We have 6 alpacas coming to our farm next weekend and I have a couple questions about fencing for them. We have 2 fenced areas- a small yard- just over 100 ft by 40 ft- that is fenced with woven wire/goat fencing. And then we have about an acre pasture fenced with 5 strands of electric wire. I have read mixed feeling about the electric.....I would much prefer them in this yard- with our does/kids, as there is more forage and more room. Our 2 wethers and our buck are in the other small yard at the moment. I have read that the electric doesn't zap them because of their fleece and that they might get tangled in it.
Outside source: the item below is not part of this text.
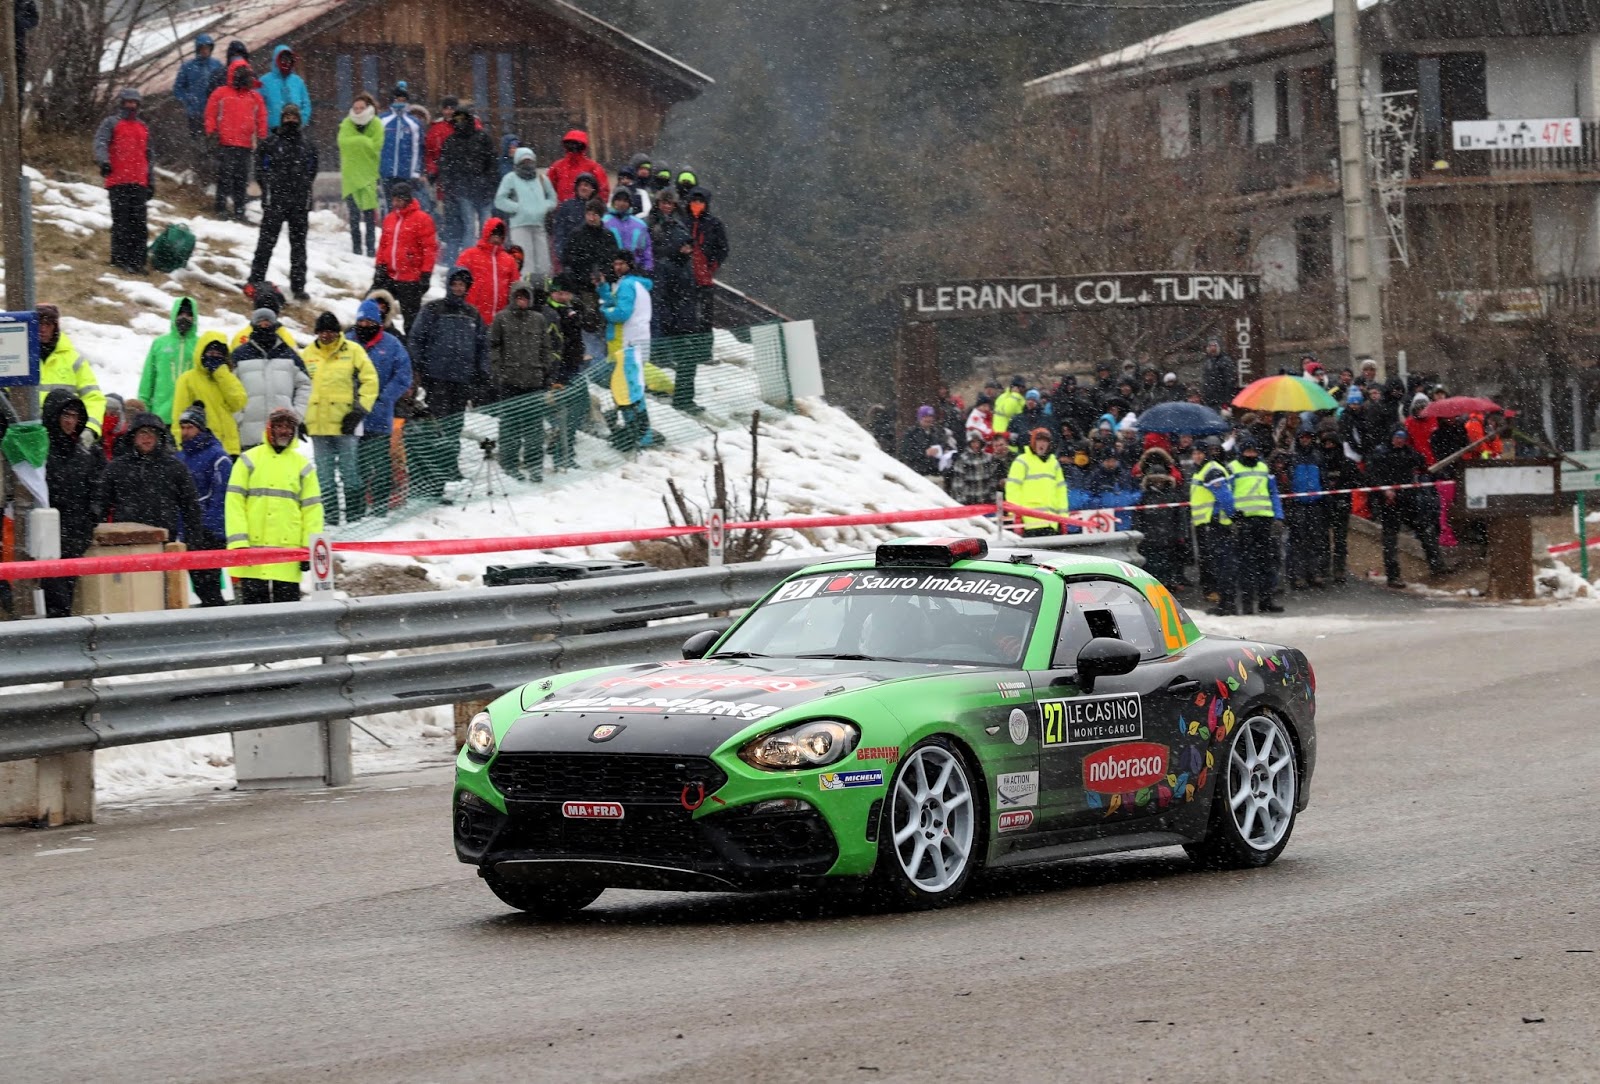 170123 Abarth Noberasco Θετική παρουσία για το Abarth 124 rally στην αγωνιστική του πρεμιέρα στο 85ο Rally του Monte Carlo

But I have also seen a lot of alpaca farms (websites) stating that a 5-wire electric is what they use....since it keeps a lot of predators out. 
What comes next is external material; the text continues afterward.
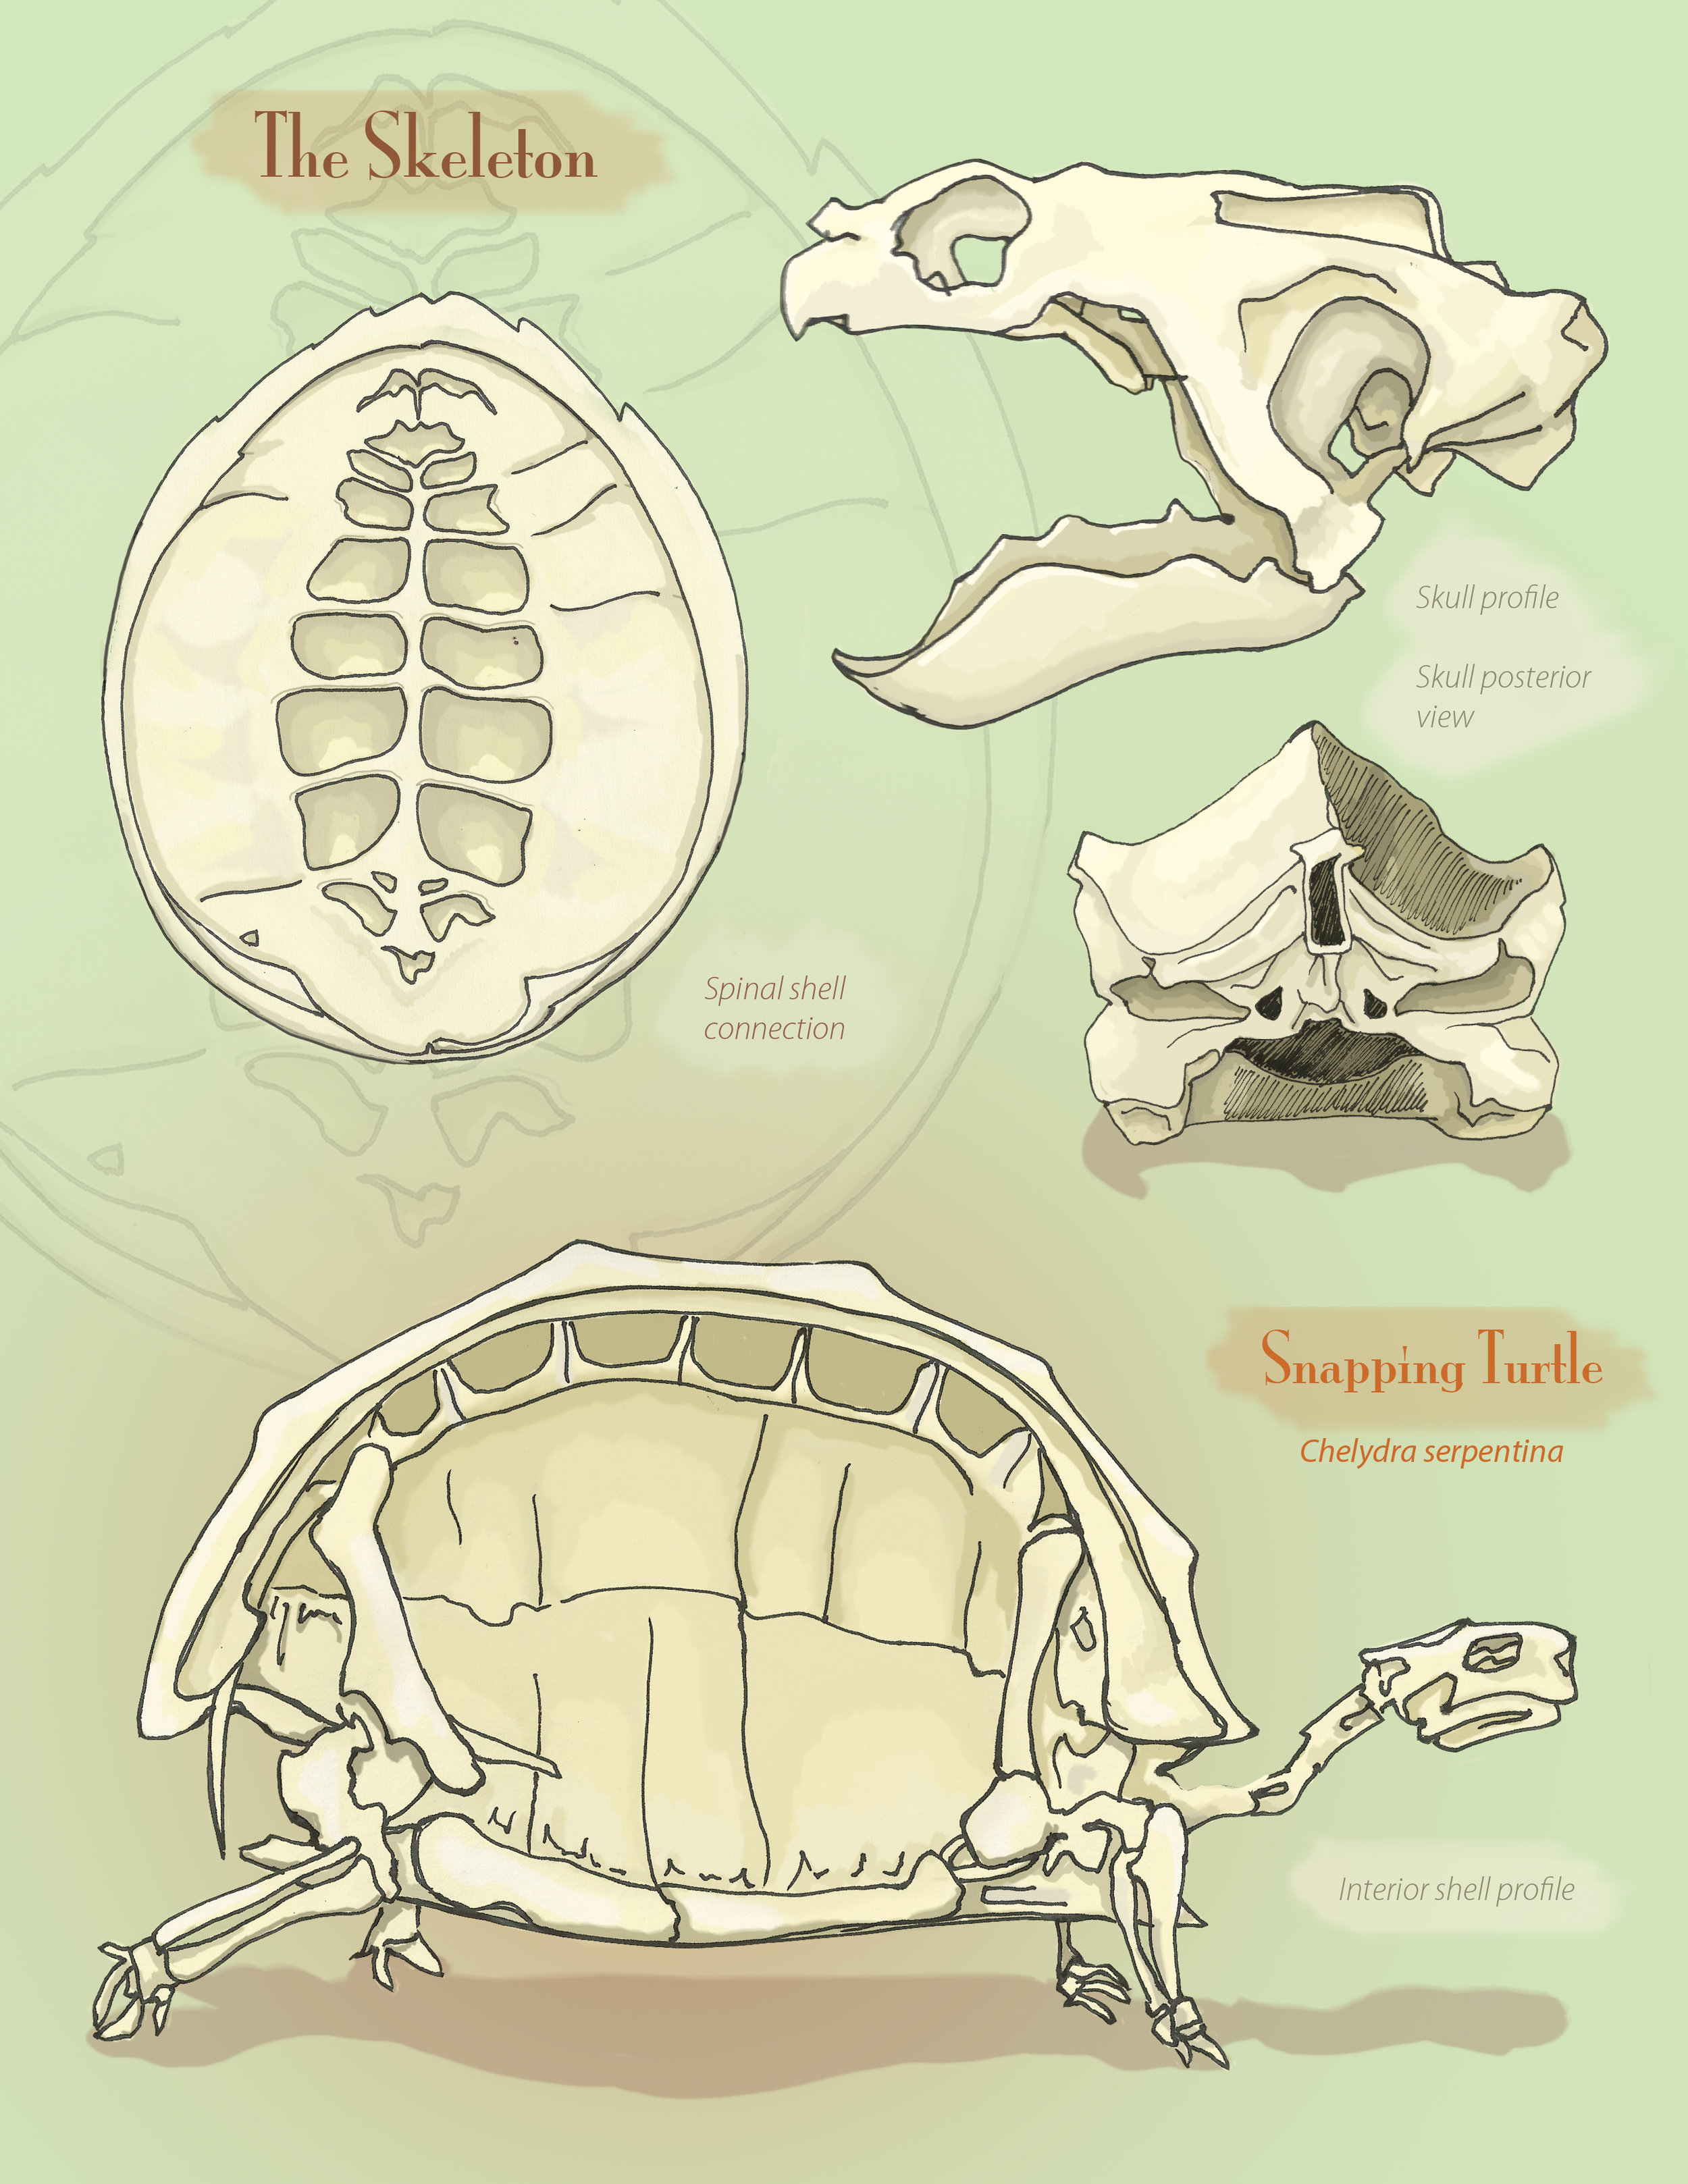 Snapping turtle skeleton

Can anyone give me some opinions on this subject? If it would endanger them to be in the larger area we won't, but I think they would be happier there....

TIA
Sarah


----------



## purplequeenvt (Mar 26, 2012)

Unless you have extremely stupid alpacas, a 5-strand electric fence will work fine. We kept our llamas in a 5-strand fence that was saggy and wouldn't hold a very strong charge.


----------



## AdoptAPitBull (Mar 26, 2012)

I brought all of my 7 camelids home to electric fence, even though none had been in it before. The only issue we had was that once the largest alpaca was running away from another alpaca and ran straight into the fence. I think he just didn't see it. We have 2 sections of fence, and he ran into the section with the thinner 18ga wire. Thankfully, it did not break! The new area with the 14ga wire only has 4 strands and they don't seem to care. They see that it is there, and don't test it. A few times they've been whacked by it from nibbling on the weeds, which is good. They now know that not only is it a fence, but this fence bites! I find that the llamas are even better with it than the alpacas, though we've never had an escape or even an attempt for either.

What people need to understand about camelids is that they do not test the fence. They respect it. Chances are they will never feel the "bite" through their fiber unless they touch it with their nose, but that doesn't matter. They see it as a barrier and they don't try to test it.

Just make sure that there's nothing outside the fence that you have to worry about...coyotes, dogs, etc. That's the only real concern with hot wire; it won't keep bad things out! By the time a dog or coyote feels the "bite", chances are he's already in the fence. You can put up some woven wire outside the hot wire if you wish.

The only reason I'd suggest them not being in with the goat kids is that they may accidentally step on a kid. I have my llama guardian in with the kids and he's phenomenal. A kid was searching under his tail for his udder yesterday. He didn't care. She looked so disappointed when she came out of there lol. Alpacas are a bit more flighty and can get scared easily by a running little critter.

Good luck!


----------



## ksalvagno (Mar 26, 2012)

Most of the time alpacas don't challenge a fence but once in a while they do. If any of those alpacas you are getting are intact, the intact males may challenge the fence. I had always kept my alpacas in with woven wire but it really was more to keep predators out than alpacas in. You could try them in the electric and see how it works out.


----------